+++ Data extract

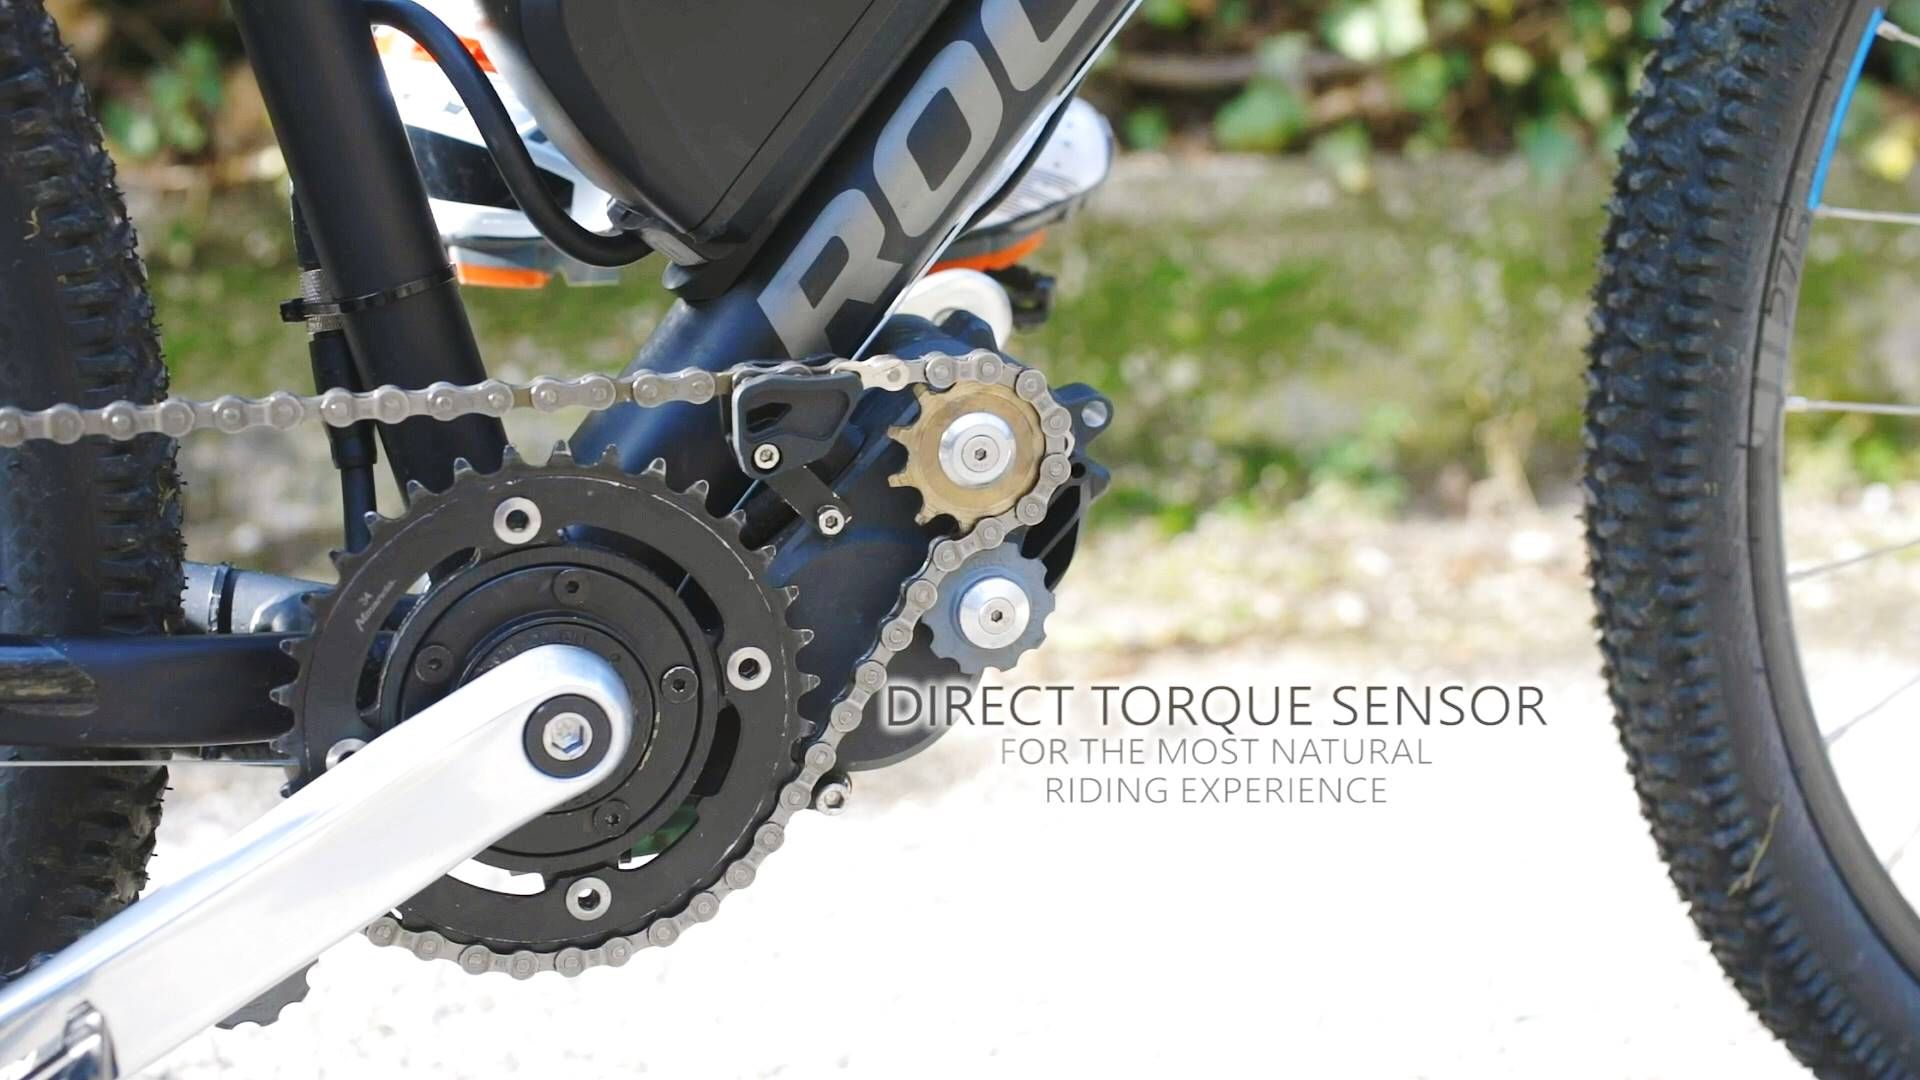 New 'Lightest' mid-drive electric bike conversion kit offers up to 1
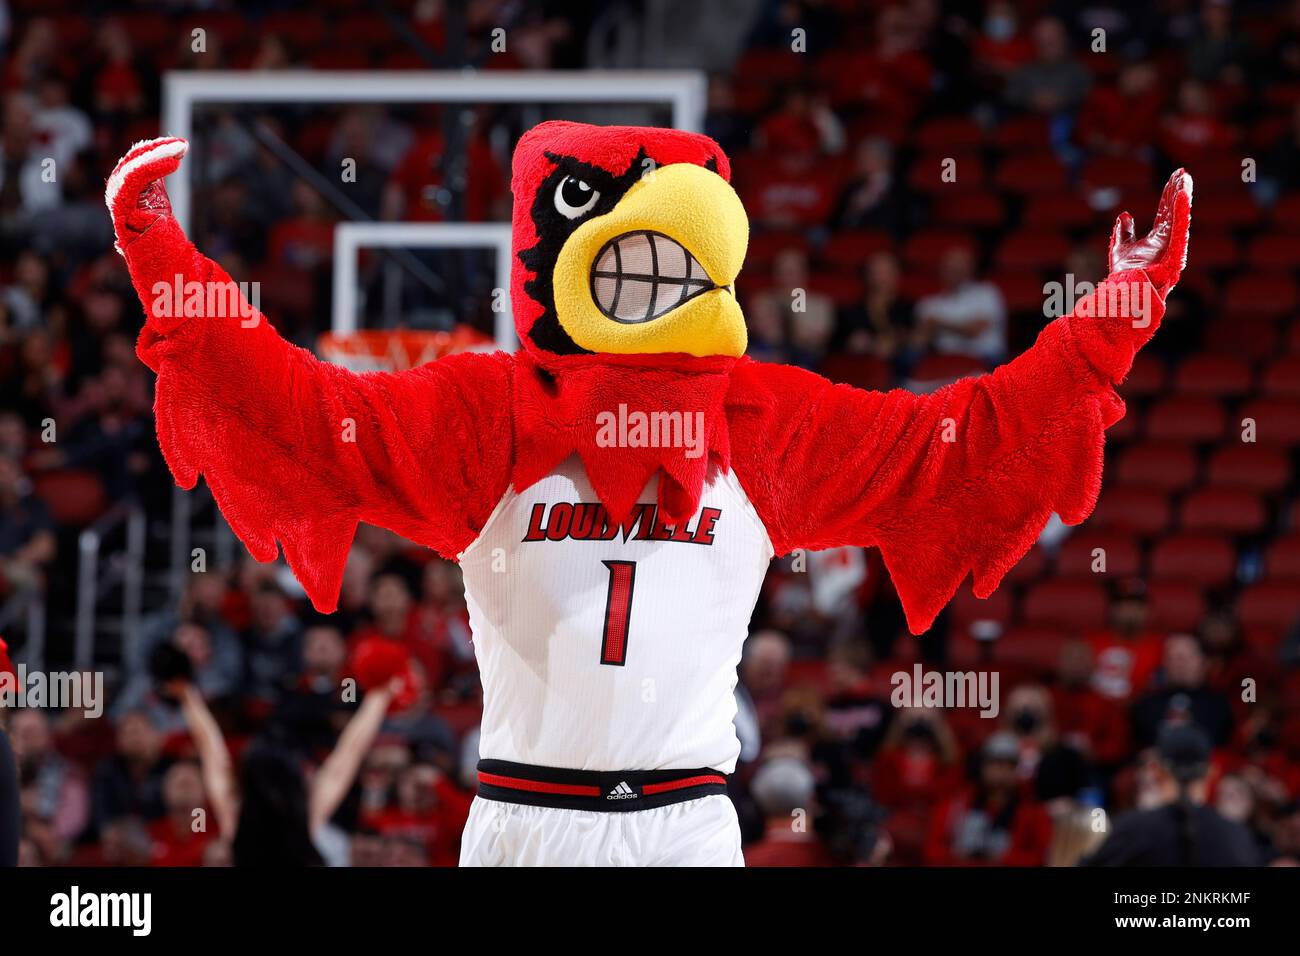 LOUISVILLE, KY - FEBRUARY 16: Louisville Cardinals mascot Louie is seen  during a college basketball game against the Miami Hurricanes on Feb. 16,  2022 at KFC Yum! Center in Louisville, Kentucky. (Photo
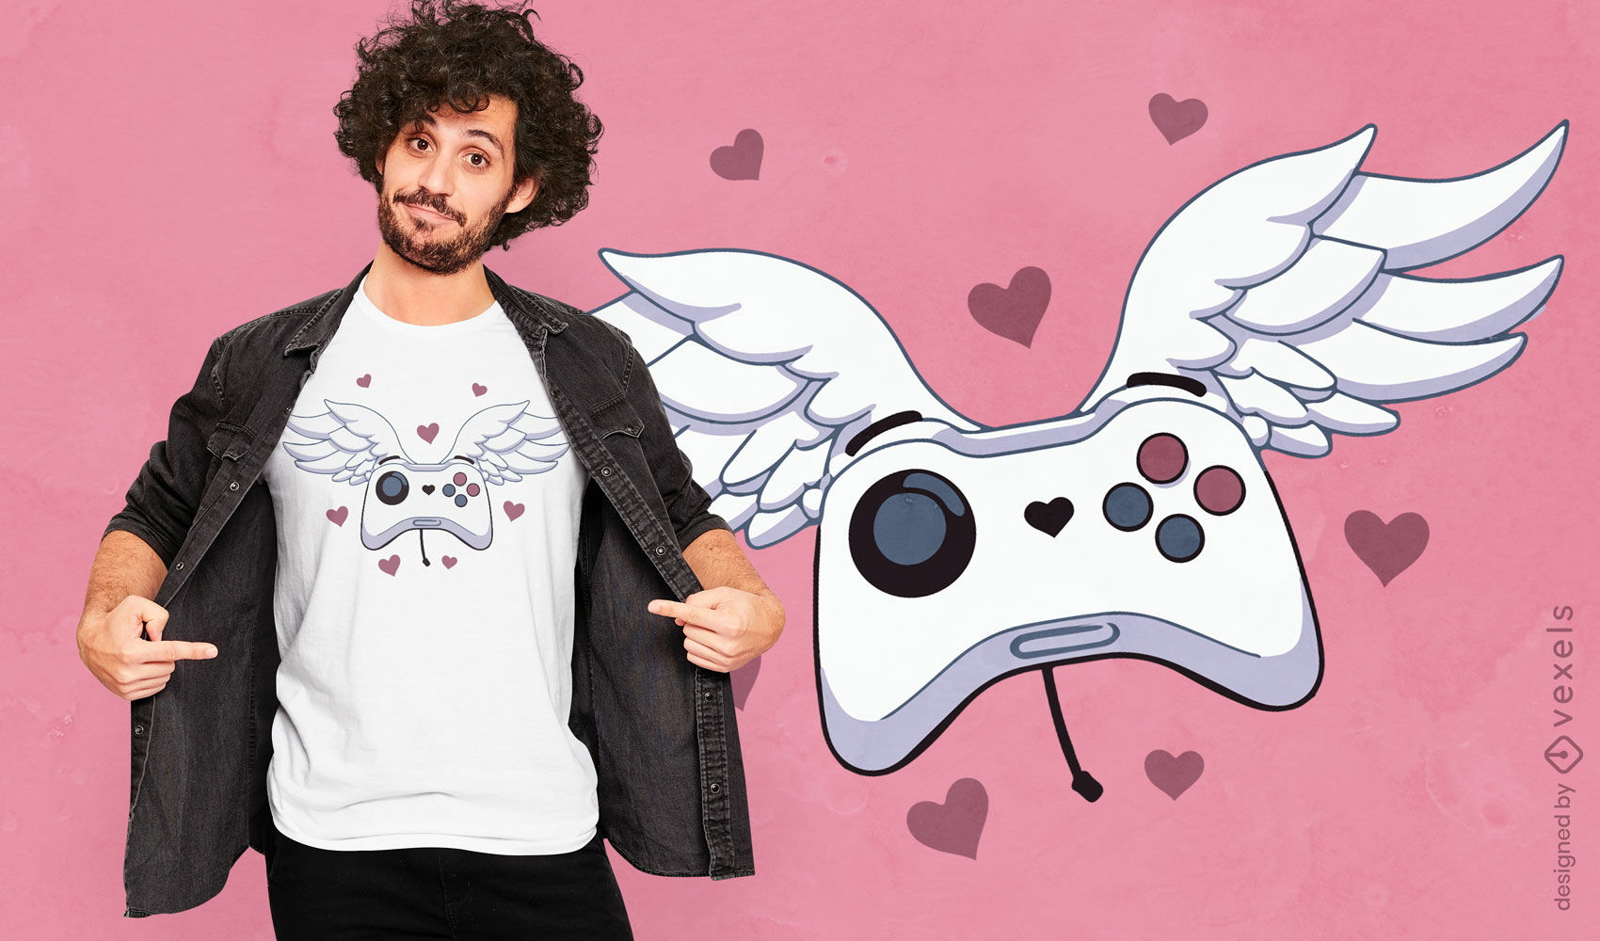 Game controller with wings t-shirt design
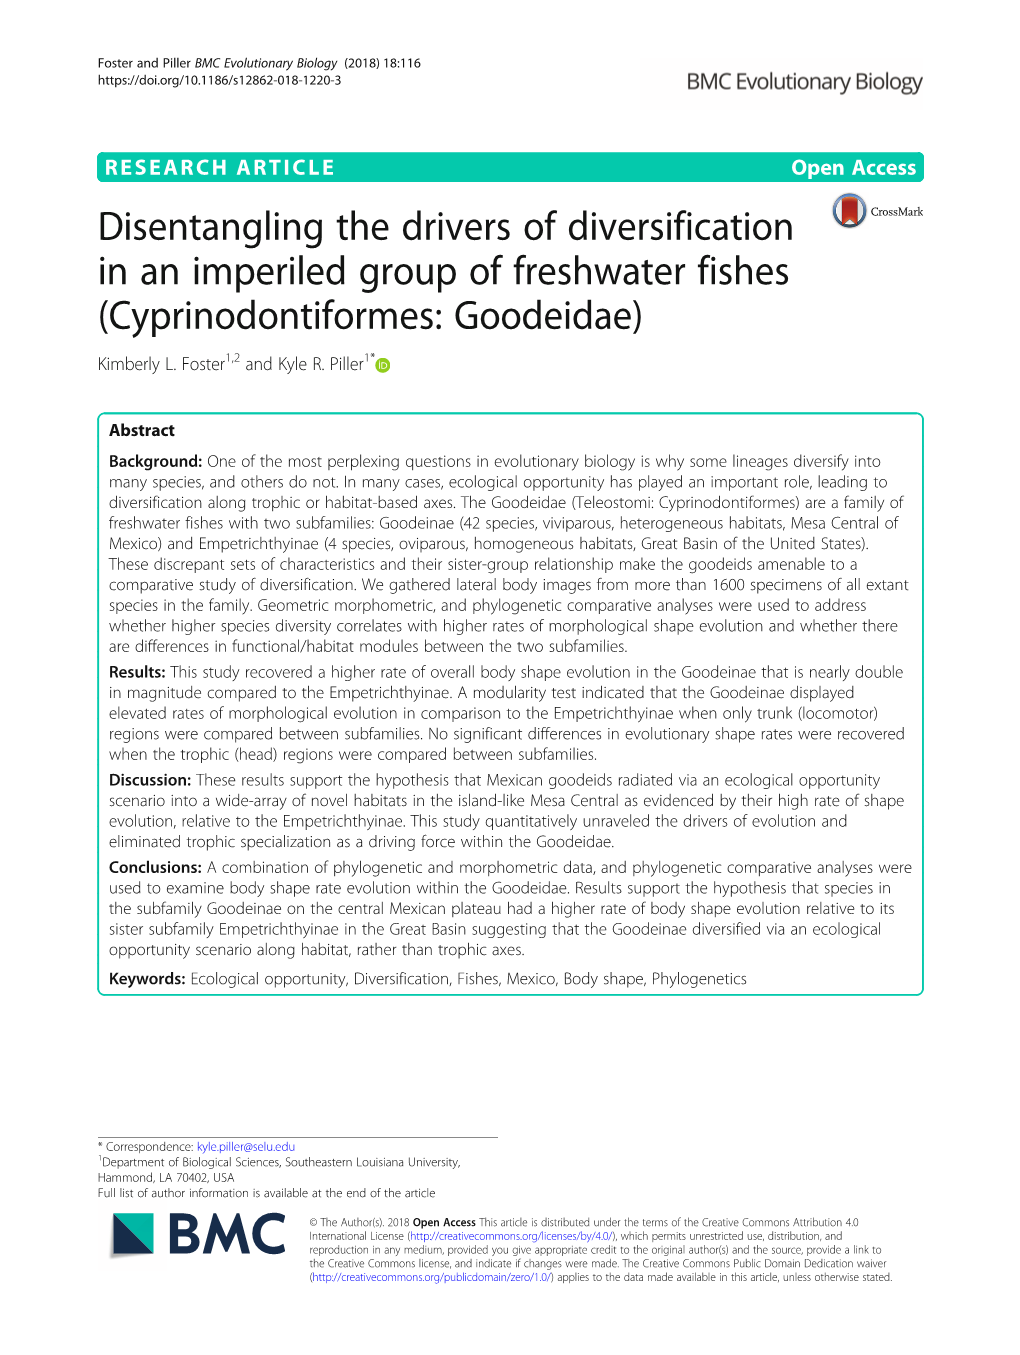 Disentangling the Drivers of Diversification in an Imperiled Group of Freshwater Fishes (Cyprinodontiformes: Goodeidae) Kimberly L
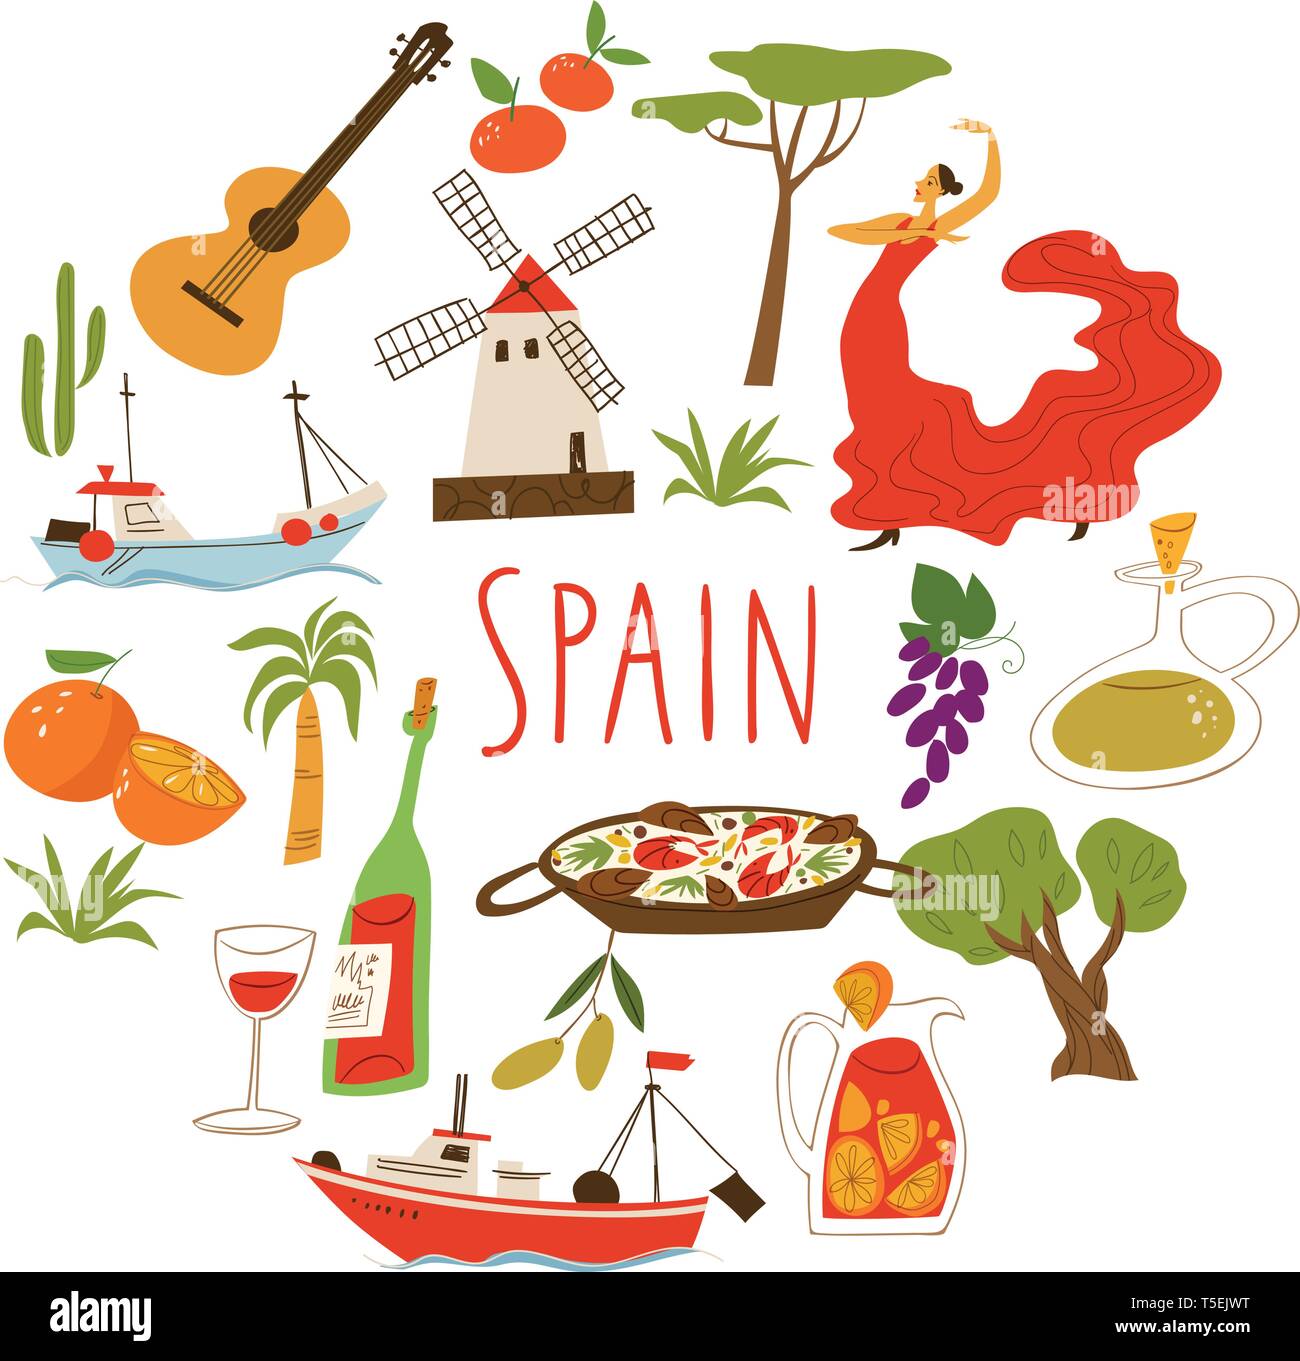 Nine Vector Symbols Of Spain Culture Food Ship And Archtecture Stock Vector Image Art Alamy

++++++

**Prompt:** Transcribe every entry exactly, leaving out the pictures.

**Problem solution:**
 New 'Lightest' mid-drive electric bike conversion kit offers up to 1
 LOUISVILLE, KY - FEBRUARY 16: Louisville Cardinals mascot Louie is seen  during a college basketball game against the Miami Hurricanes on Feb. 16,  2022 at KFC Yum! Center in Louisville, Kentucky. (Photo
 Game controller with wings t-shirt design
 Disentangling the Drivers of Diversification in an Imperiled Group of Freshwater Fishes (Cyprinodontiformes: Goodeidae) Kimberly L
 Nine Vector Symbols Of Spain Culture Food Ship And Archtecture Stock Vector Image Art Alamy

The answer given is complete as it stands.